== What you need to do ==
Retype, without changes or pictures, only the lines that begin at the one containing "Gymnastic rings by ia_64" and end at the last line of the records that follow.

=== Supplied data ===

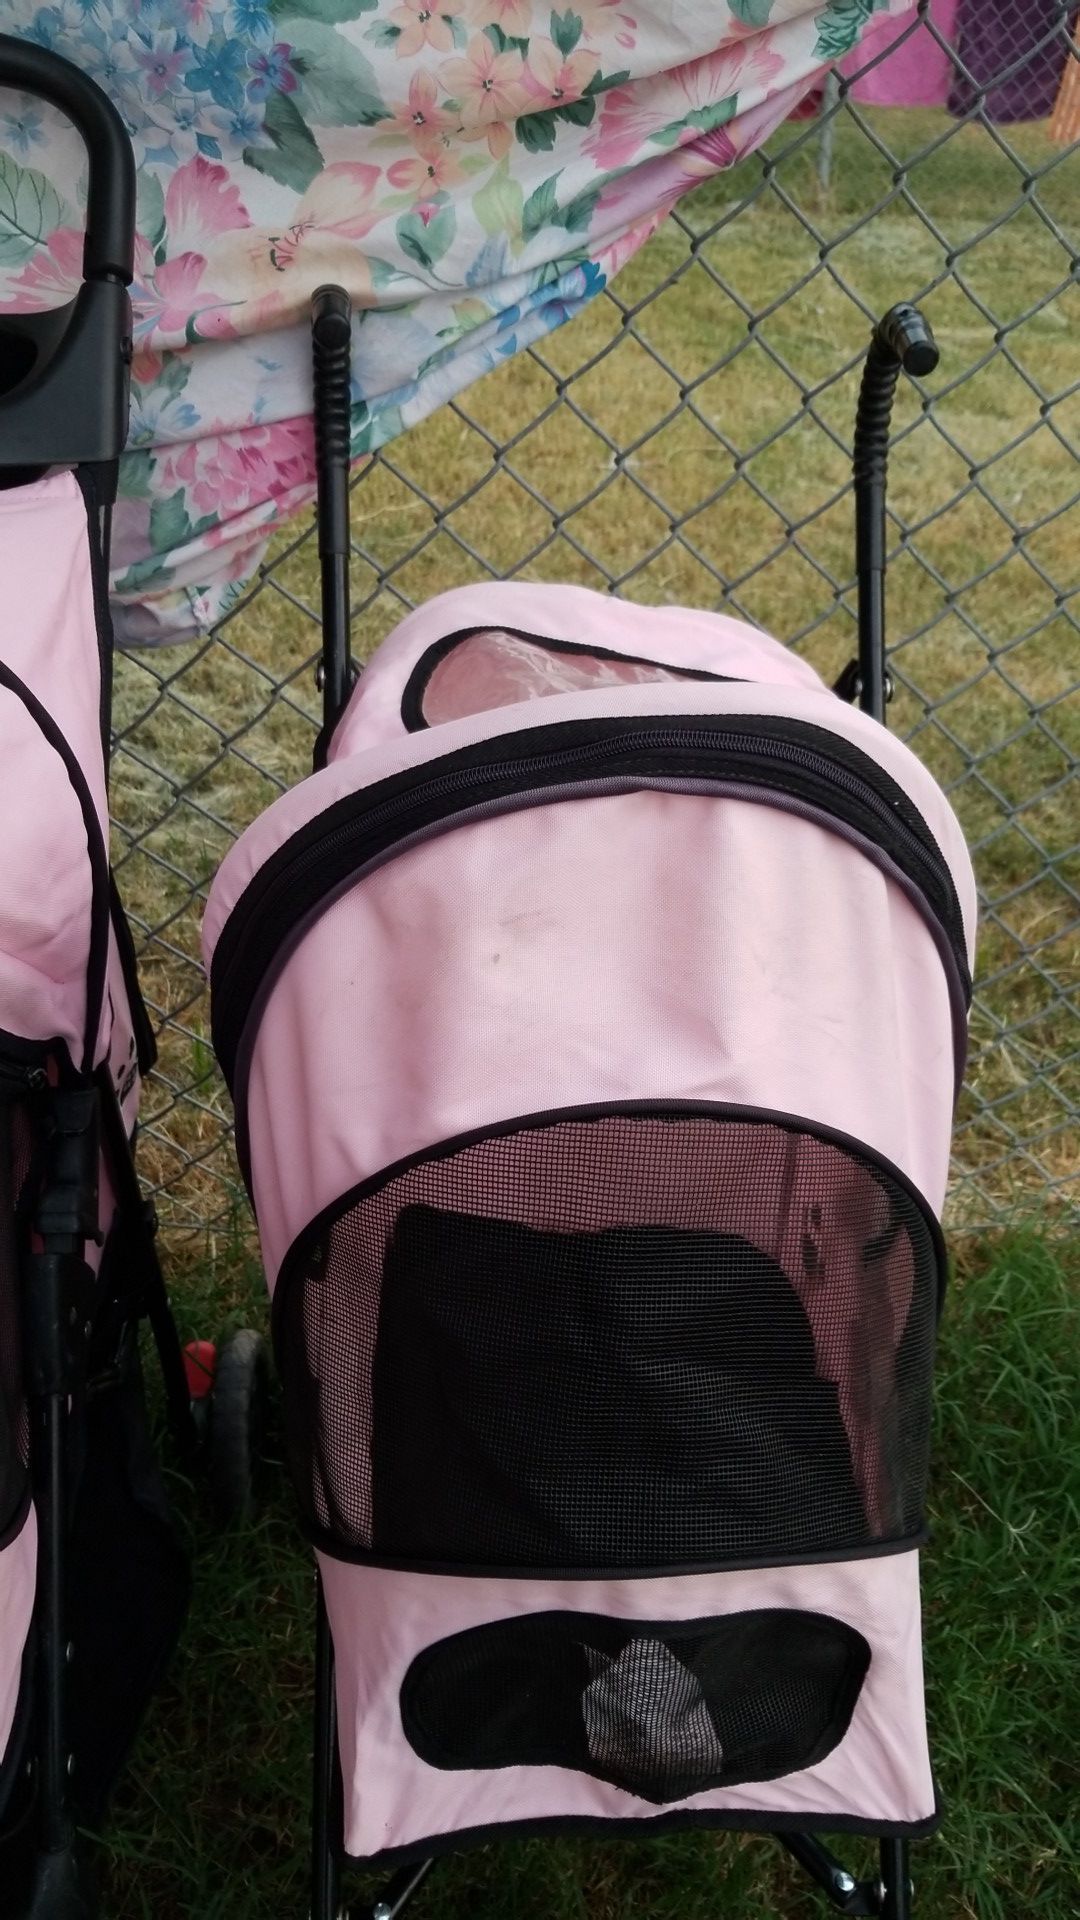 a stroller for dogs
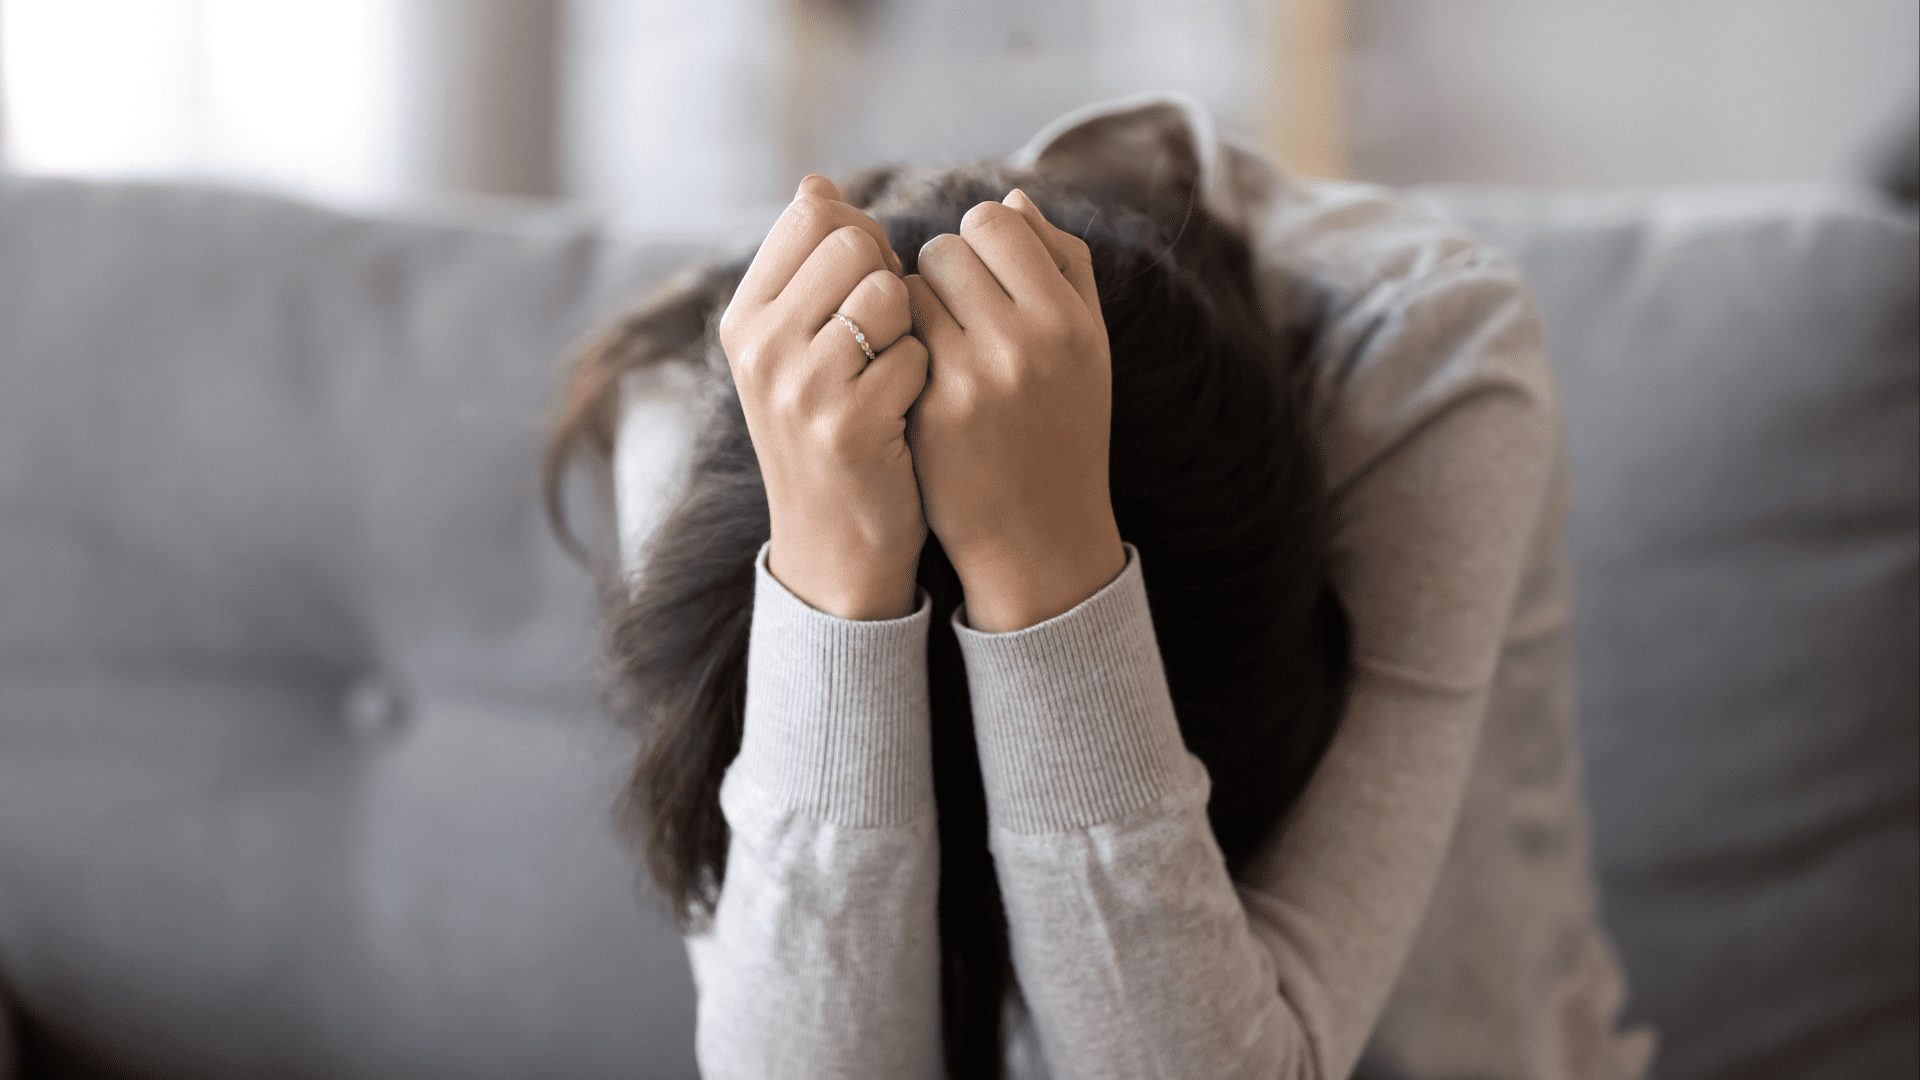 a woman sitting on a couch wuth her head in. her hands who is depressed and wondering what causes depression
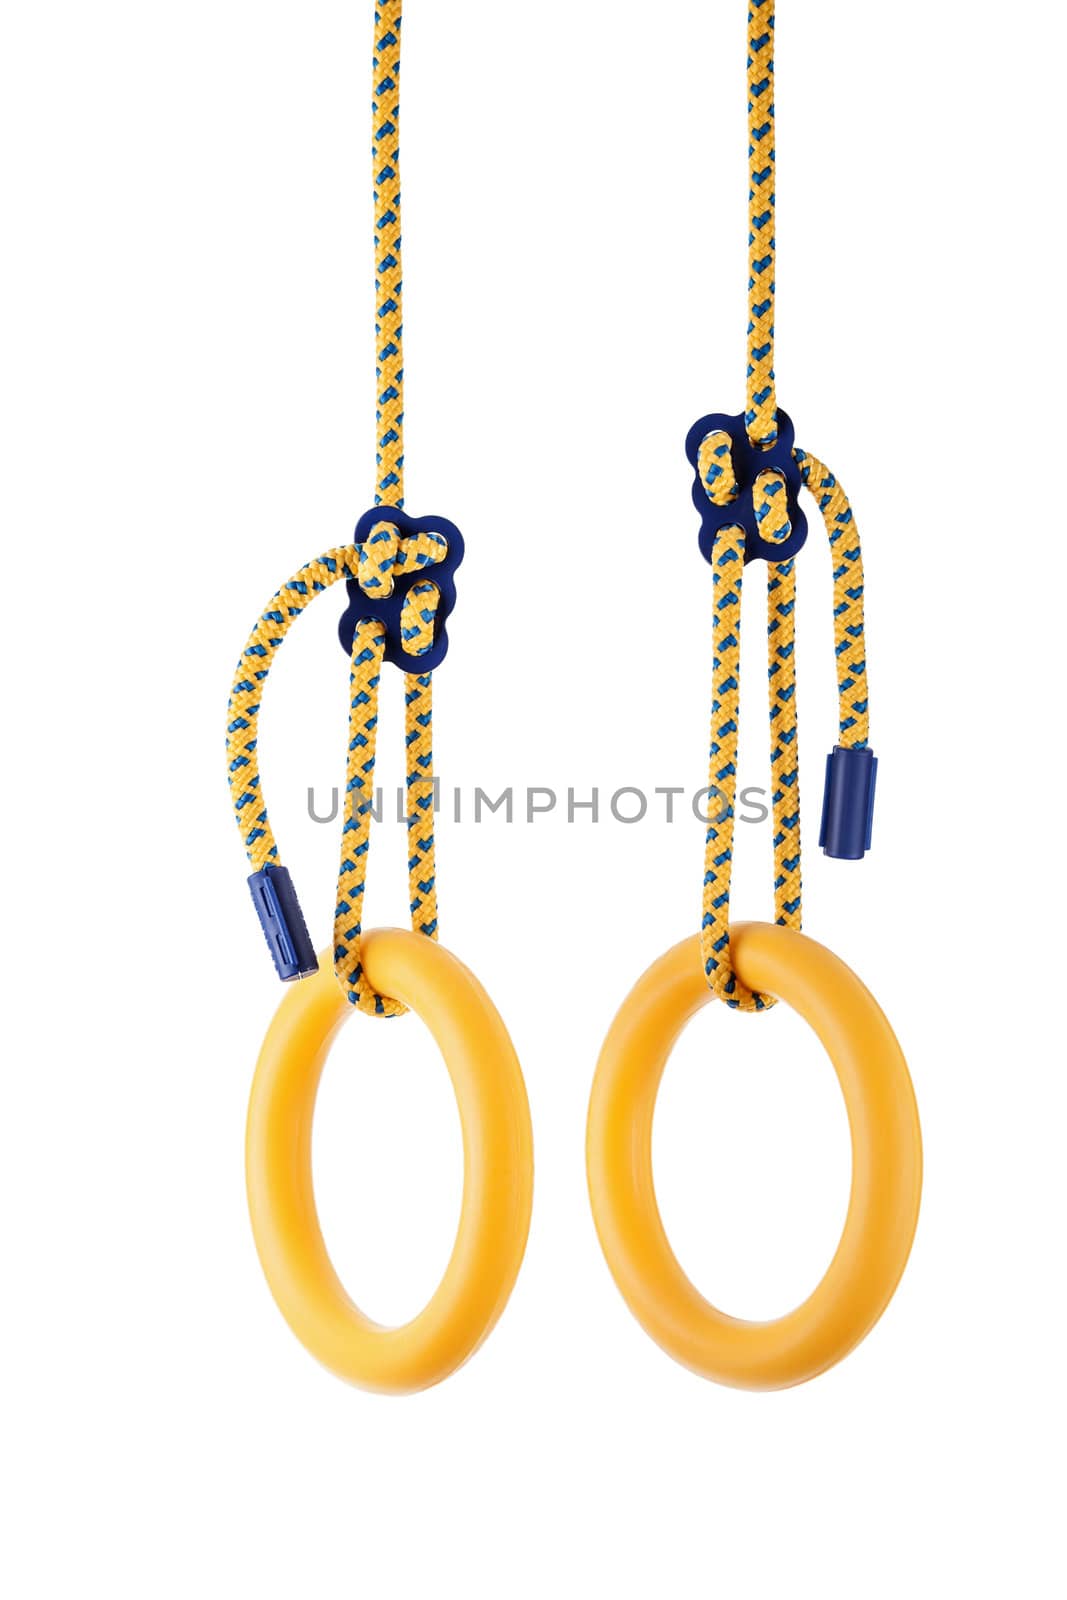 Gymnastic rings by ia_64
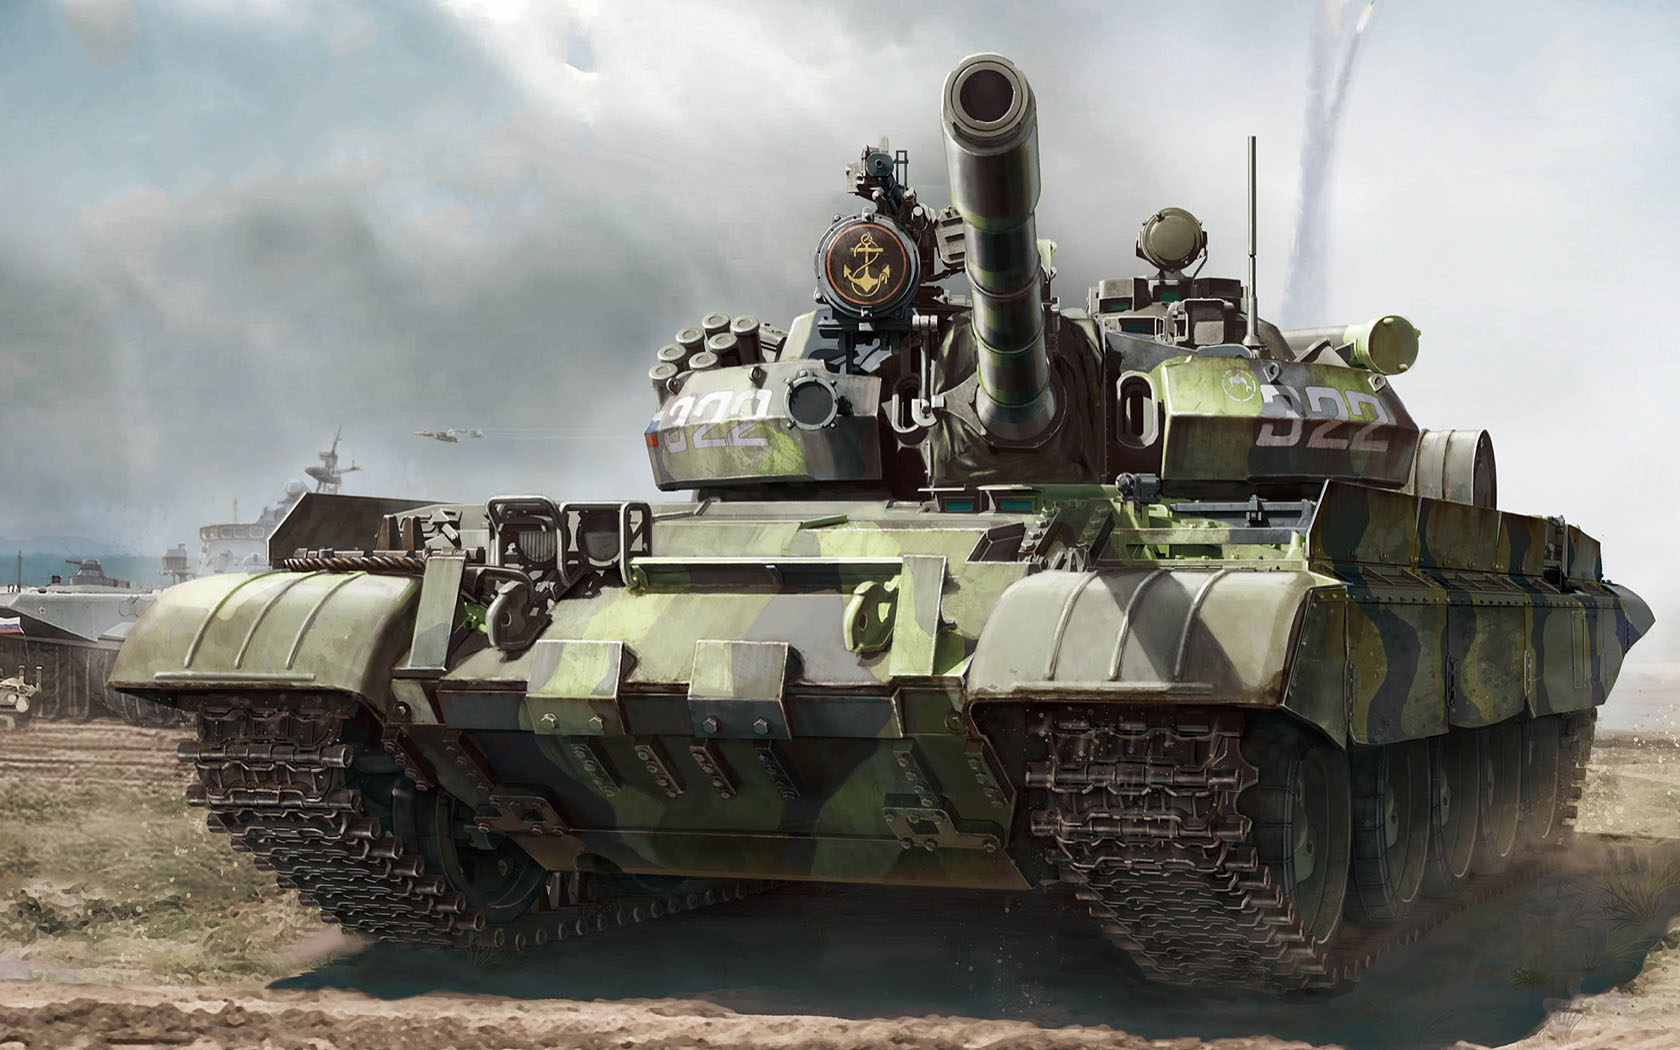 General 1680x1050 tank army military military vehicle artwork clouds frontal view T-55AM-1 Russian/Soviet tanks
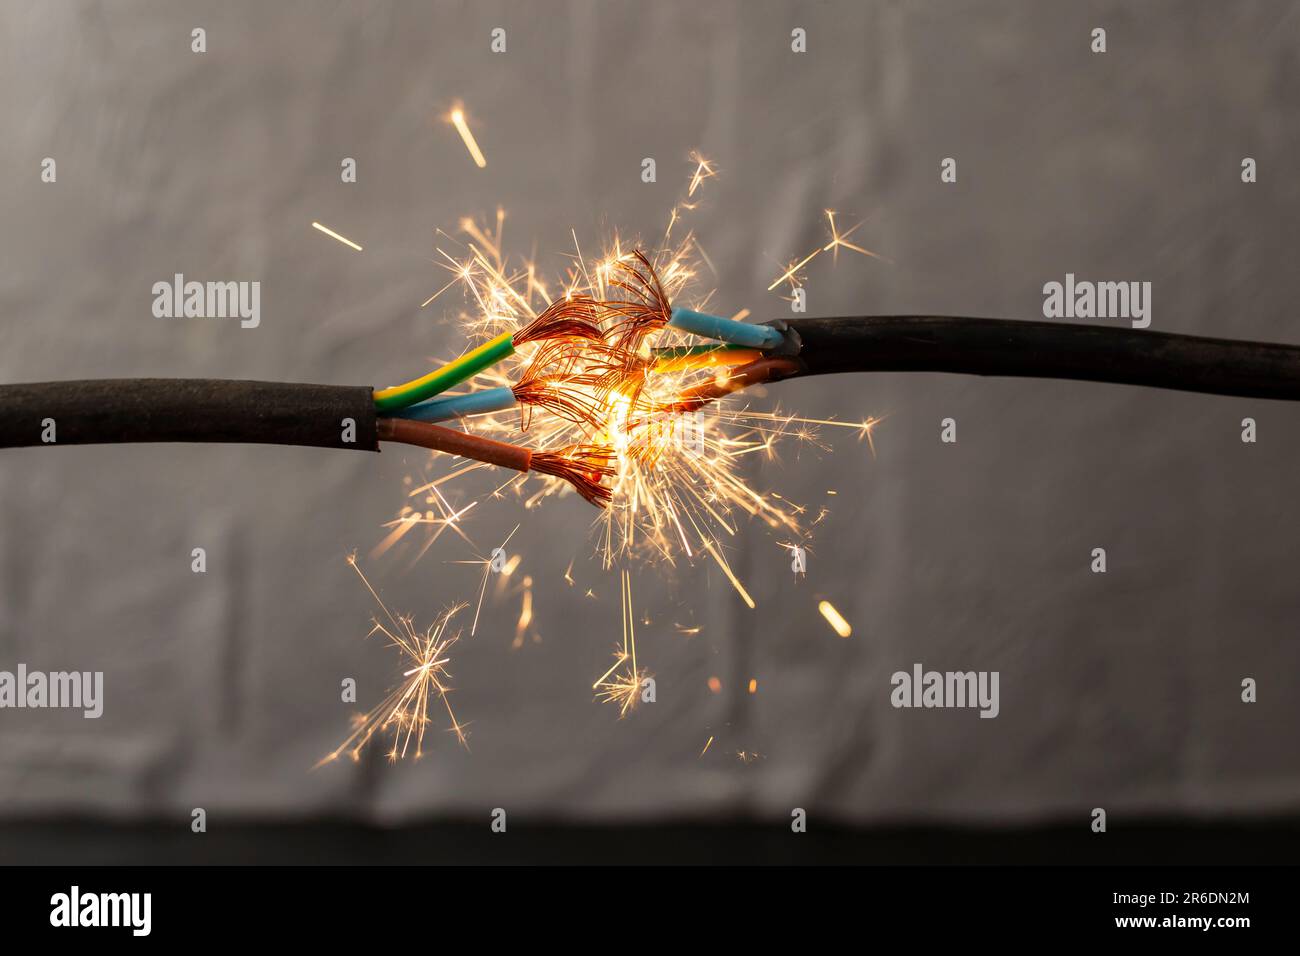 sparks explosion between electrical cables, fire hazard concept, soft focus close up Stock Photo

===

== Worked solution ==
 Gymnastic rings by ia_64
 General 1680x1050 tank army military military vehicle artwork clouds frontal view T-55AM-1 Russian/Soviet tanks
 sparks explosion between electrical cables, fire hazard concept, soft focus close up Stock Photo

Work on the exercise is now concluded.